My siblings did everything they could to make me smile. My brother made joke after joke and once he found one that made me laugh, he said it over and over again. It made me feel like everything I was going through was okay and I wasn’t losing the bond I had with my siblings. He wasn’t laughing at me, we were both laughing at life and it felt good. My sister, who has the kindest heart of anyone I know, was there for me constantly. She checked in regularly, even after Christmas break was over and we’d all gone back to our own lives. I knew she was there, always. Someone I could call for love and comfort at any moment of the day. Even extended family was there for me. It was so helpful knowing that someone else had been through a similar situation and made it out the otherside. Anxiety can be so hard to explain to people that don’t struggle with it daily. When I talked to her I felt like I didn’t have to constantly explain how I was feeling. She truly understood and I didn’t feel crazy. I’m so grateful that in the hardest times, the two of us make an effort to check in on the other.
And my husband, I honestly don’t know what I would have done without him.
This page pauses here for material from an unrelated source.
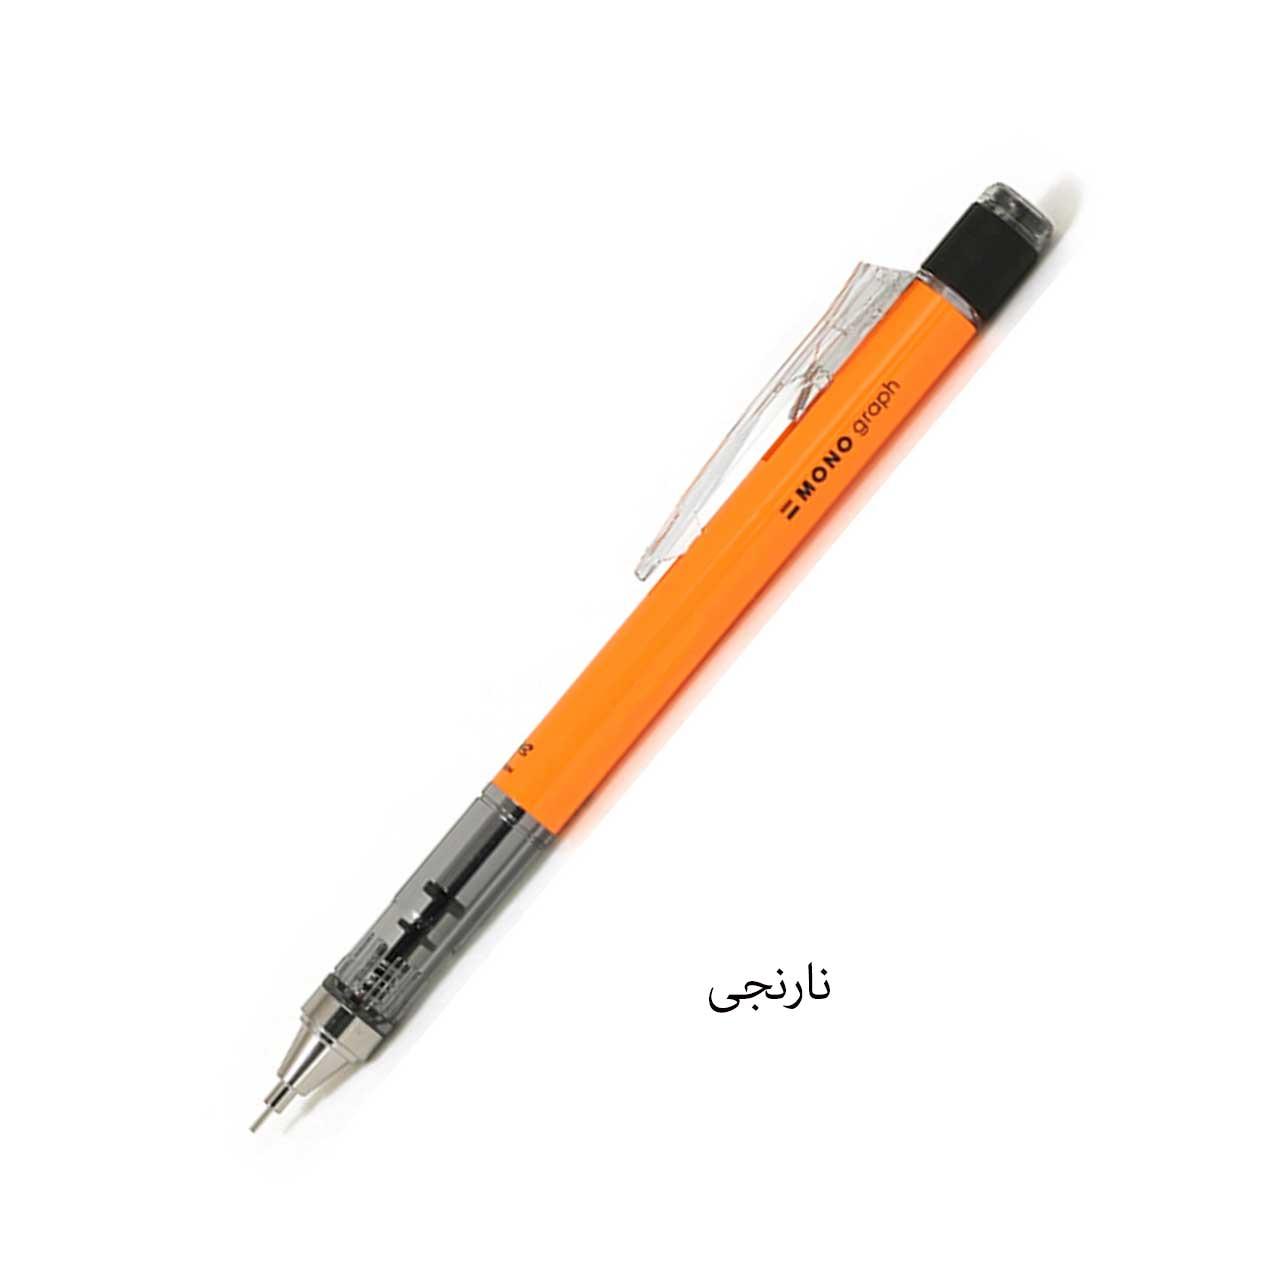 مداد نوکی 0.5 میلی متری تومبو مدل MONO GRAPPH main 1 4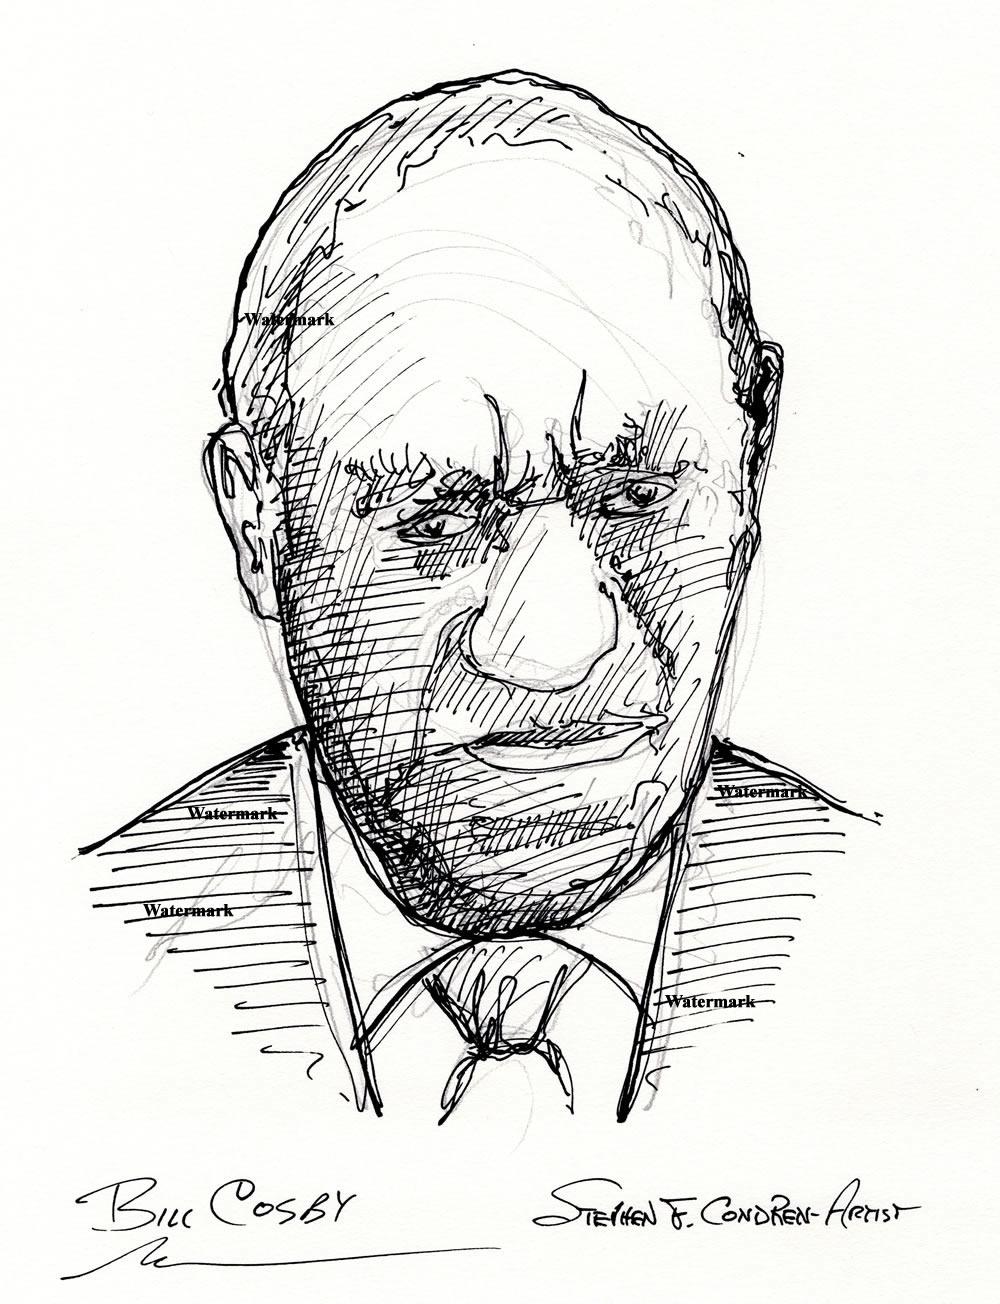 Bill Cosby celebrity art pen & ink drawing

Like I said earlier, he had been warning me for years that ignoring my mental health was going to come back to bite me. When it finally happened, he never once said “I told you so.” He was patient and understanding when I wanted to talk to him every second of every day to feel safe. He was patient and understanding when I didn’t have the energy to talk to him for days on end. And he was patient and understanding when I swapped between the two without any warning whatsoever. He is the one constantly reminding me to exercise, get outside, take breaks, and take care of myself. He understands that mental health is something I will likely struggle with for the rest of my life and he is committed to helping me through the hard times.
All of this to say, don’t be afraid to open up to those around you. It’s okay to ask for help. I know the stigma is there and it can be challenging to admit that you are struggling. I hope that years from now the stigma is completely gone. I also believe the journey to that point starts with us. Hearing my mom and cousin tell me their stories helped give me strength. Hearing celebrities, scholars, and other people I respected tell their stories gave me strength. That’s why I wanted to tell my story. If one person reads this and feels just a little more comfortable, then I’ll have done some good. You’re not crazy. There’s nothing wrong with you. Seek out the help you need in whatever way you can. Anxiety and depression are constant struggles, but they aren’t insurmountable. A cheesy way to end this I know, but I do indeed get by with a little help from my friends (and meds).